DATA:
= = = =

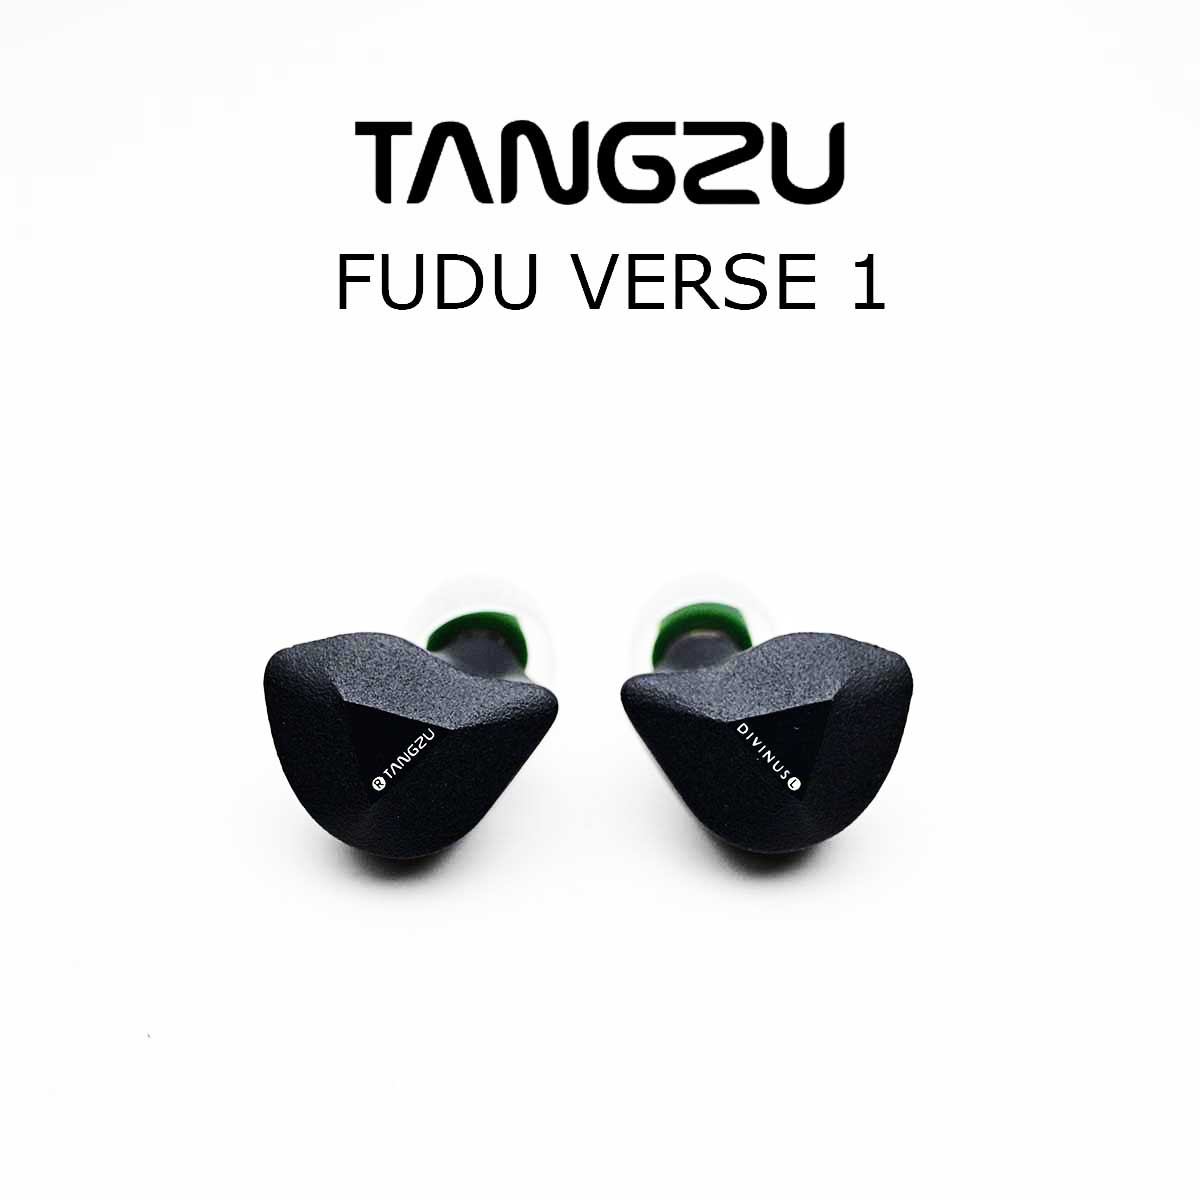 TANGZU FUDU VERSE 1 Hifi In-ear Headphones 1 Dynamic Driver + 2 Balanc
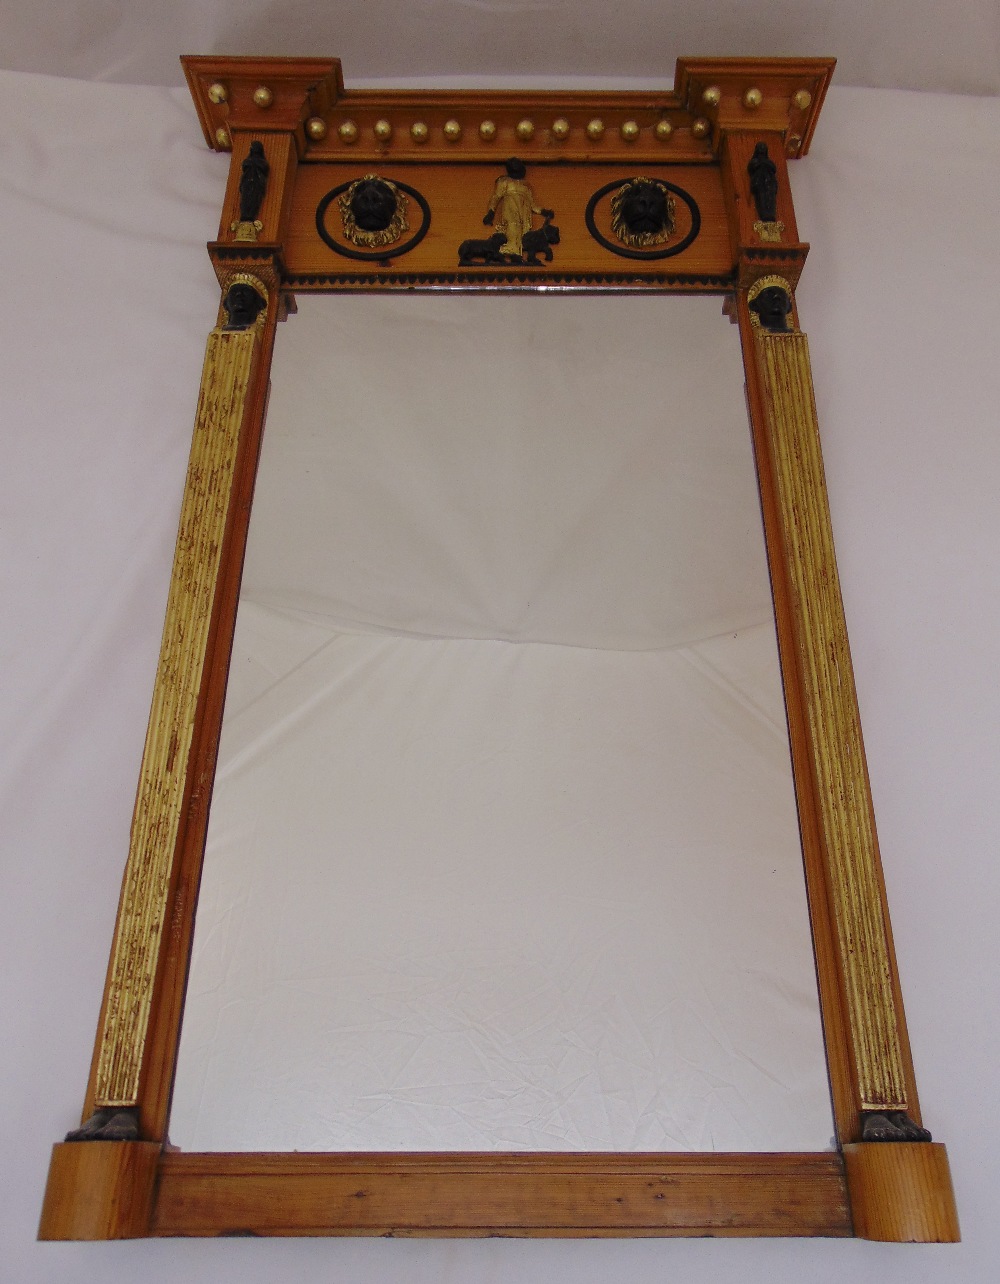 A Regency style rectangular gilded wooden wall mirror, 101.5 x 65 x 10.5cm
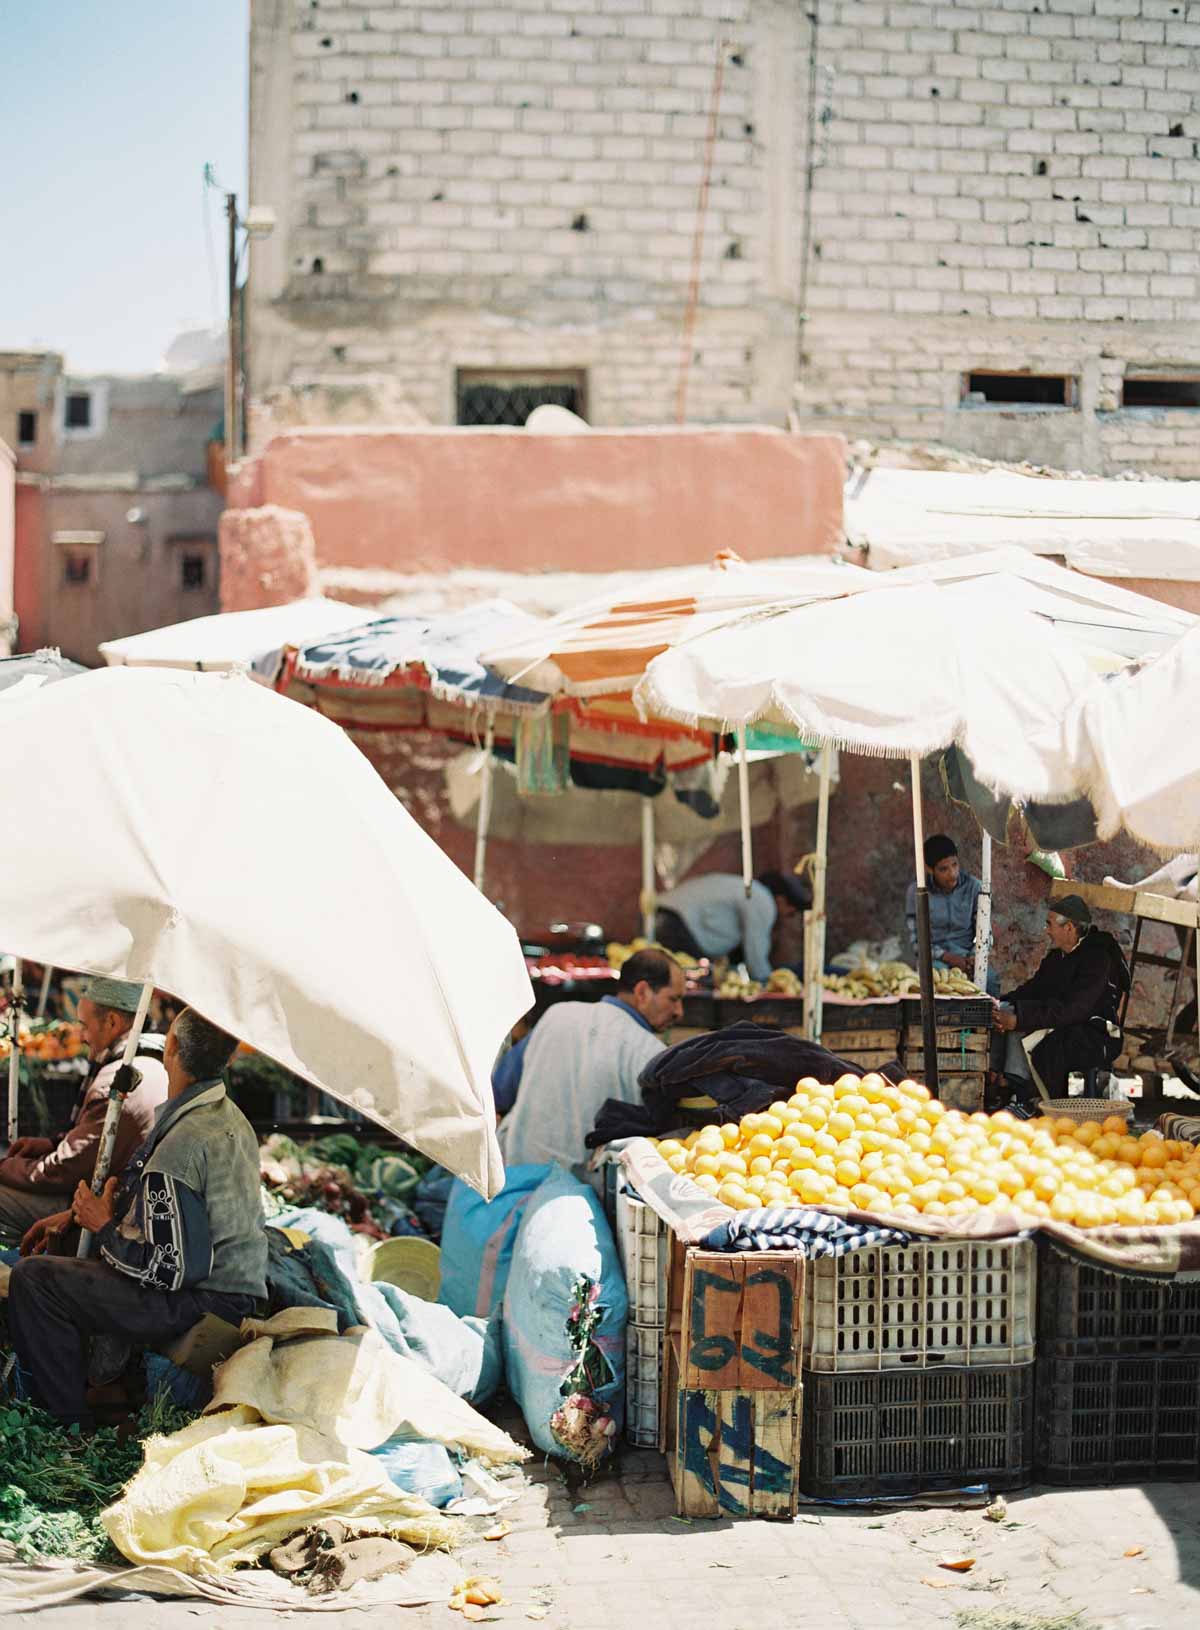 Kurt_Boomer_Photography-www.kurtboomer.com_Morocco (19)

= = = =

TASK GOAL:
Please give again only those lines that run from the one containing "A Regency style" through the final line of the listing, both included, exactly as written and without pictures.

REPLY:
 A Regency style rectangular gilded wooden wall mirror, 101.5 x 65 x 10.5cm
 Kurt_Boomer_Photography-www.kurtboomer.com_Morocco (19)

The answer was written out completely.